Question: Does my logistic regression loose accuracy because of regime shift or lack of sufficiently varied data?

In [1]:
import os
os.chdir('../src')
In [3]:
import numpy as np
import pandas as pd
from sklearn import svm, model_selection, linear_model, preprocessing, metrics
import matplotlib.pyplot as plt
from matplotlib import colors
import seaborn as sns
In [4]:
df = pd.read_hdf('../data/features/technical.h5')
---------------------------------------------------------------------------
FileNotFoundError                         Traceback (most recent call last)
<ipython-input-4-332ade095a81> in <module>
----> 1 df = pd.read_hdf('../data/features/technical.h5')
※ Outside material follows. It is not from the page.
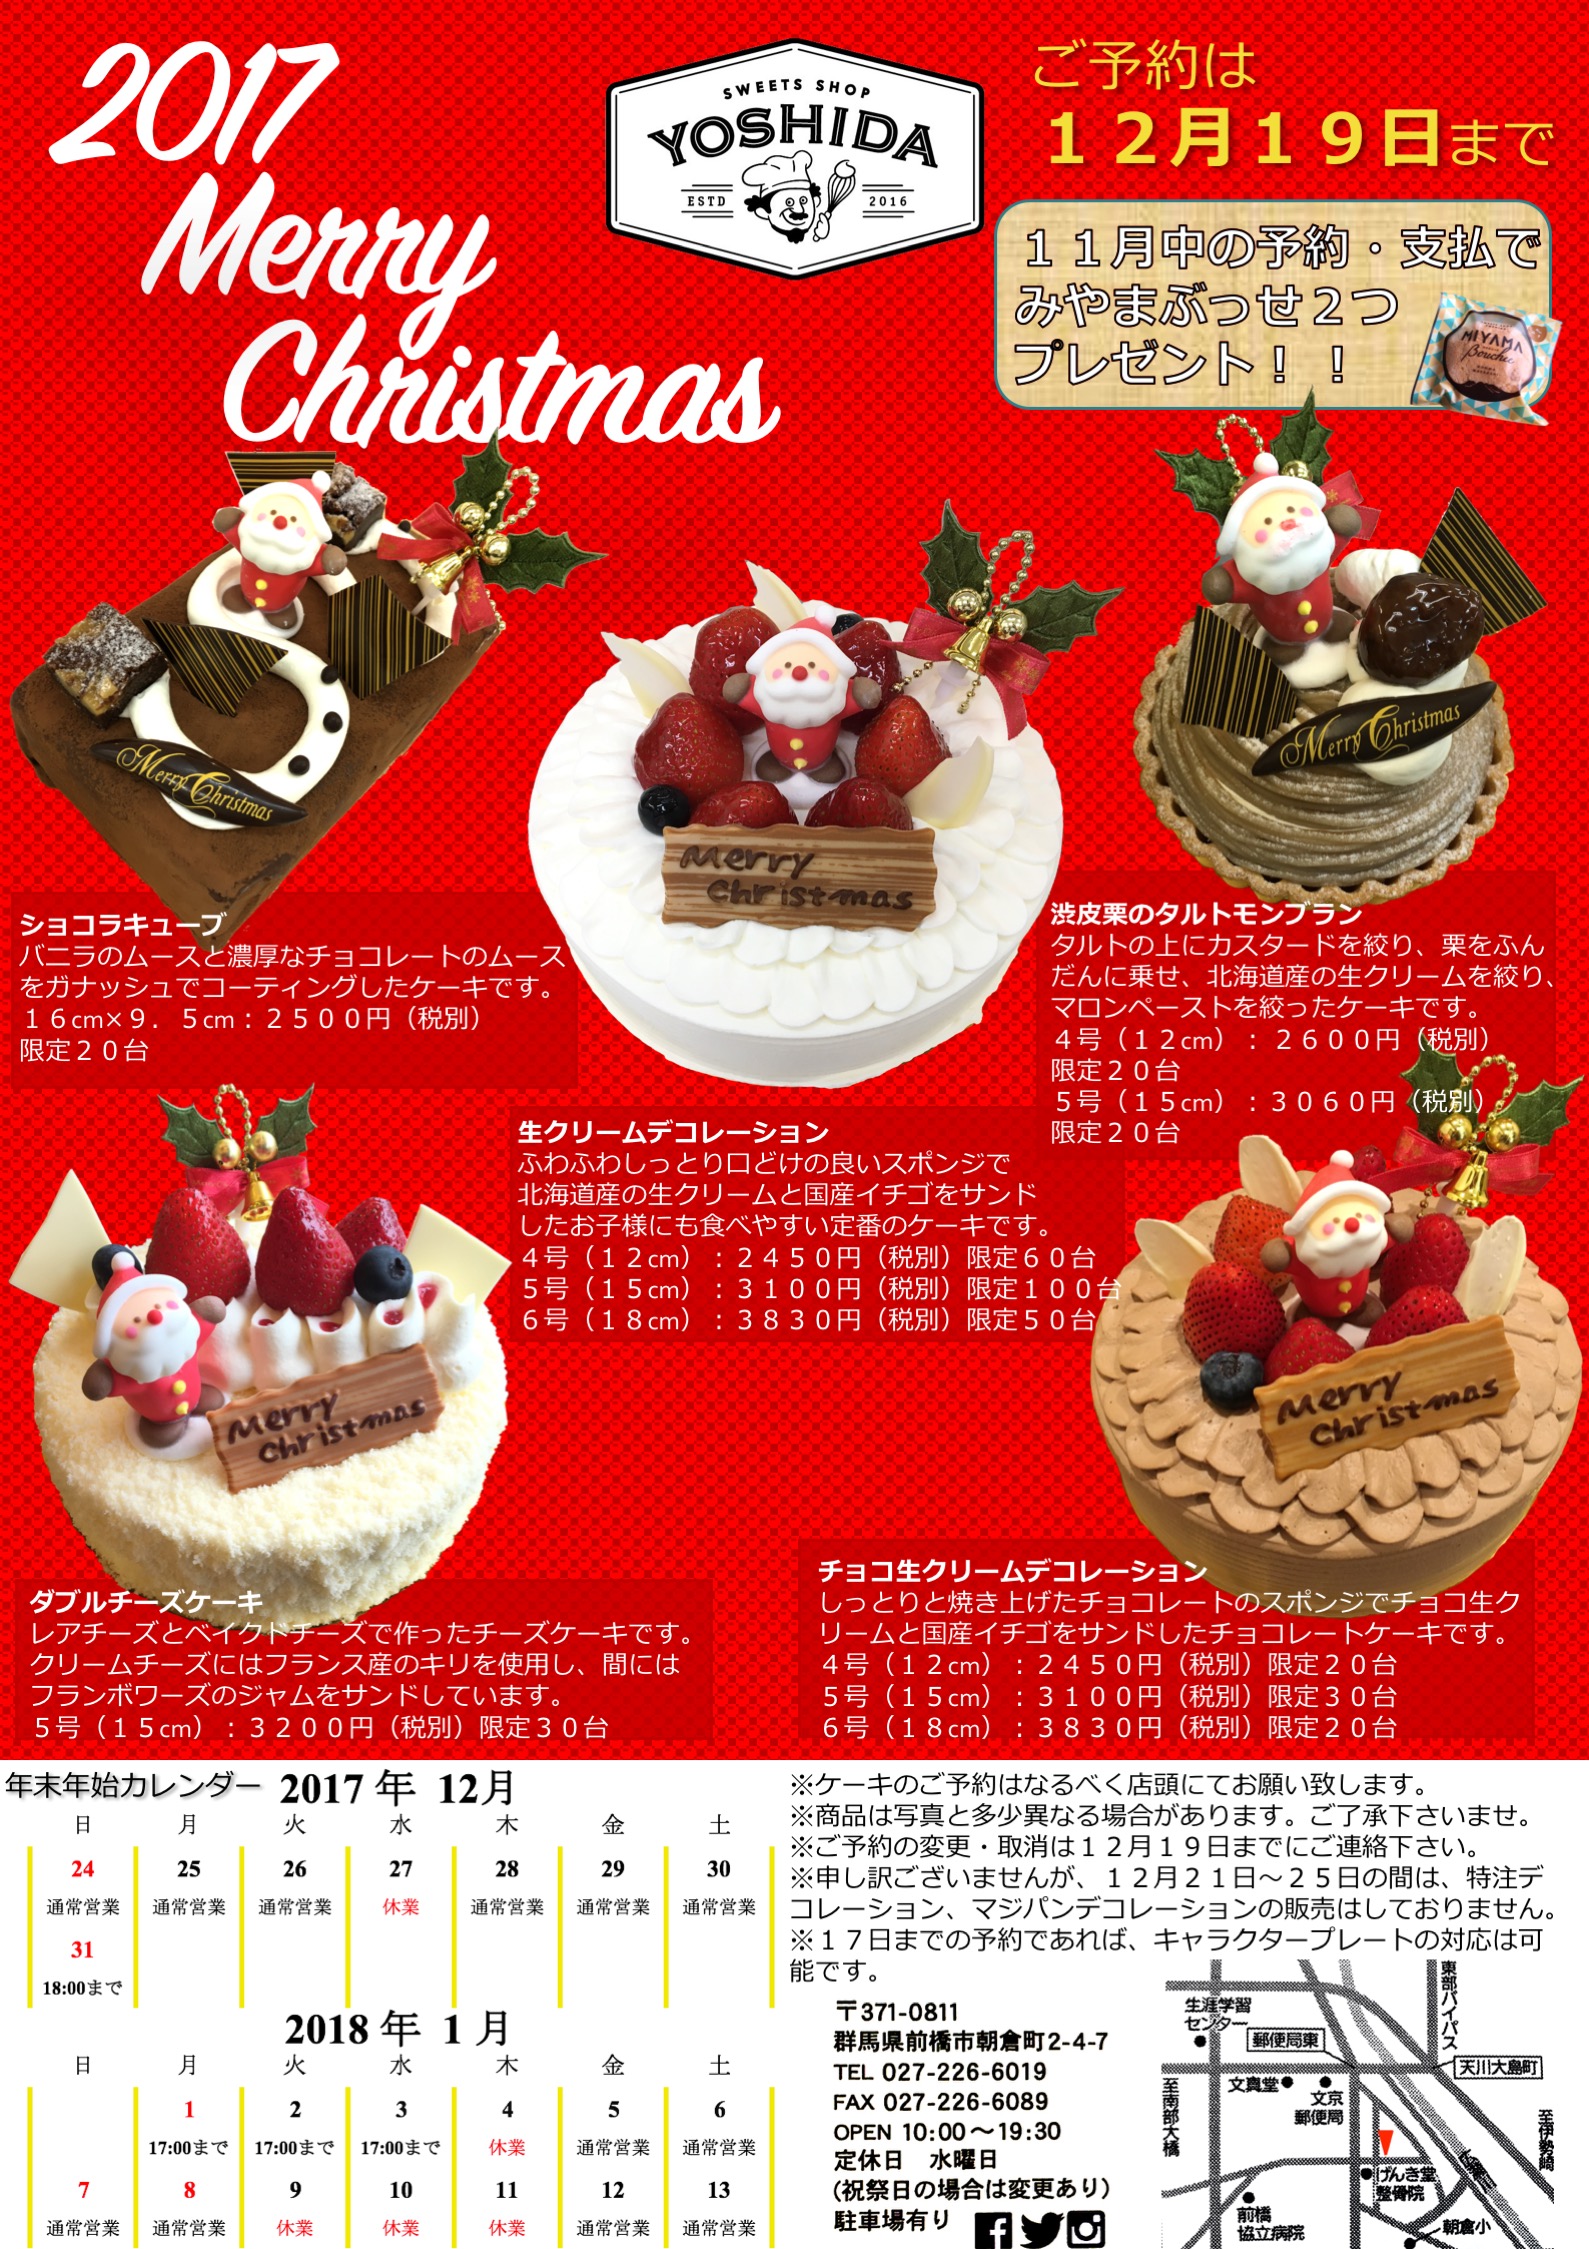 クリスマスケーキの予約開始 Sweets Shop Yoshida スイーツショップ ヨシダ

~/.conda/envs/crypto/lib/python3.7/site-packages/pandas/io/pytables.py in read_hdf(path_or_buf, key, mode, **kwargs)
    364         if not exists:
    365             raise compat.FileNotFoundError(
--> 366                 'File {path} does not exist'.format(path=path_or_buf))
    367 
    368         store = HDFStore(path_or_buf, mode=mode, **kwargs)

FileNotFoundError: File ../data/features/technical.h5 does not exist
In [17]:
scaler = preprocessing.StandardScaler()
x = df.drop(['target', 'SQZMI'], axis=1)
x = scaler.fit_transform(x)
x = np.hstack([x, np.expand_dims(df.SQZMI, axis=1)])

# ^ this affects our keynames
keynames = df.keys().drop(['target', 'SQZMI']).tolist()
keynames.append('SQZMI')
In [36]:
def score_logistic(n):
    model = linear_model.LogisticRegression(solver='liblinear')
    model.fit(x[40000:45000], df.target[40000:45000])
    print(n, model.score(x[40000-n:40000], df.target[40000-n:40000]))
In [ ]:
for n in [40000, 20000, 10000, 5000, 2500, 2000, 1500, 1250, 500, 700, 250, 125, 70, 50, 25, 10, 5, 1]:
    score_logistic(n)
In [39]:
linear_model.LogisticRegression(solver='liblinear')
Out[39]:
LogisticRegression(C=1.0, class_weight=None, dual=False, fit_intercept=True,
          intercept_scaling=1, max_iter=100, multi_class='warn',
          n_jobs=None, penalty='l2', random_state=None, solver='liblinear',
          tol=0.0001, verbose=0, warm_start=False)

This is fucking insane. The accuracy is highly sensitive on the time window. The optimal training set is probably highly dependent on the window.